R. Some describe it as an omnibubble. A bubble in everything. We have had very low interest rates for a long time. If you think about the situation before the covid crisis, there the rates were already low and the prices of the assets in general high. Furthermore, when monetary policy is accommodative, credit expands strongly, as it did in the early 2000s until the financial crisis stopped it. The problems will come when at some point monetary policy normalizes, interest rates rise, and asset prices fall. And the question is, how big will the crisis that this provokes be?
The answer is that if asset prices fall but people don’t borrow much using their assets as collateral, it doesn’t matter much. They will only be a little poorer than they thought they would be. From what I can see, bitcoin is not bought with debt, so it probably doesn’t matter if the price goes down. Generally, the big problems tend to arise in the real estate market because people use the properties as collateral, so many people go bankrupt because the price of the asset falls below the level of their debt. It is not clear to me how important that problem will be. The other big risk is emerging economies that have borrowed short-term against domestic assets that are not in dollars, because the dollar will likely rise against its currency when interest rates rise in the US.
P. One of the legacies of the pandemic is increased public debt. Should heavily indebted countries like Spain and Italy be concerned?

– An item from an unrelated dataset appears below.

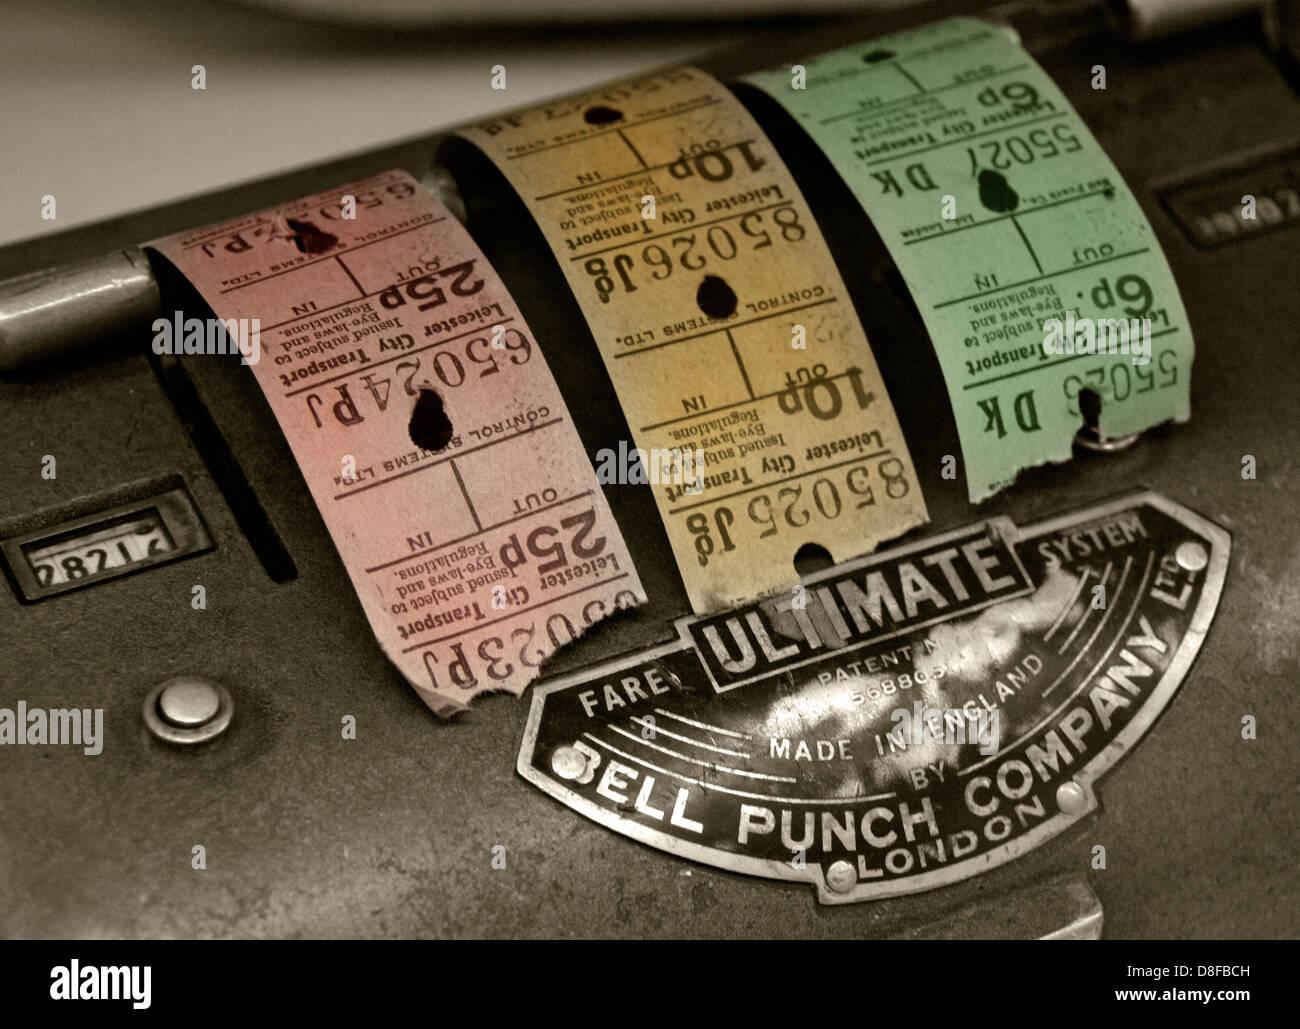 Laden Sie dieses Alamy Stockfoto Busticket Bell Punch Maschine & Tickets aus Coventry, England UK - D8FBCH

R. With current debt levels, real interest rates, and reasonable growth prospects, I think this debt is manageable, although it probably wouldn’t be a bad idea if it were phased out in normal times. Fiscal room for maneuver has shrunk, but in the world we’re living in, where real interest rates are so low and can last, high levels of debt are much more affordable than they used to be, but they do produces an internal crisis in the eurozone that leads to a fiscal crisis, it will be difficult to cope with it.
P. China recovered pre-pandemic levels very quickly, but now the Evergrande crisis calls into question its growth model. Are we facing the Chinese Lehman?
R. I don’t think a Lehman-type crisis is conceivable in China, unless they are very careless. China has a national financial system. Internationally, it is a large net creditor and has not borrowed much from the rest of the world. So this is an internal event, it is more like Japan in the 90s. If the Chinese government decides that it does not want a financial collapse, it can clearly avoid it. You have full control of most banks and of course the central bank, and you can borrow domestically without limit.
If the bubble bursts, real estate investment could fall and with it consumption, because households will be much poorer. That could cause a shock macroeconomic accompanied by a huge loss of demand. And that would be a momentous blow, so they would have to offset it with government actions of many kinds to sustain demand, and the big question is how they would do it. The last time they had this problem was in 2009 and they fixed it by creating a huge, gigantic construction boom. Now they can’t do this again, and China already has excellent infrastructure.
P. Has the worst happened in Brexit?
R. It is clear that it has already had a negative impact. Investment has been relatively weak in the UK since the referendum, the uncertainty is considerable, the exchange rate has been weaker. All of this reflects a shift away from asset buying and investing in the UK. And they result in an impoverishment of the British. Although this is only a guess, perhaps half of the total impact has already occurred. We have lost immigrants who would have been very useful, and that will be a drag on our economy, we have seen it especially with the lack of truck drivers. Nobody knows what the ultimate losses will be.
Eddie is an Australian news reporter with over 9 years in the industry and has published on Forbes and tech crunch.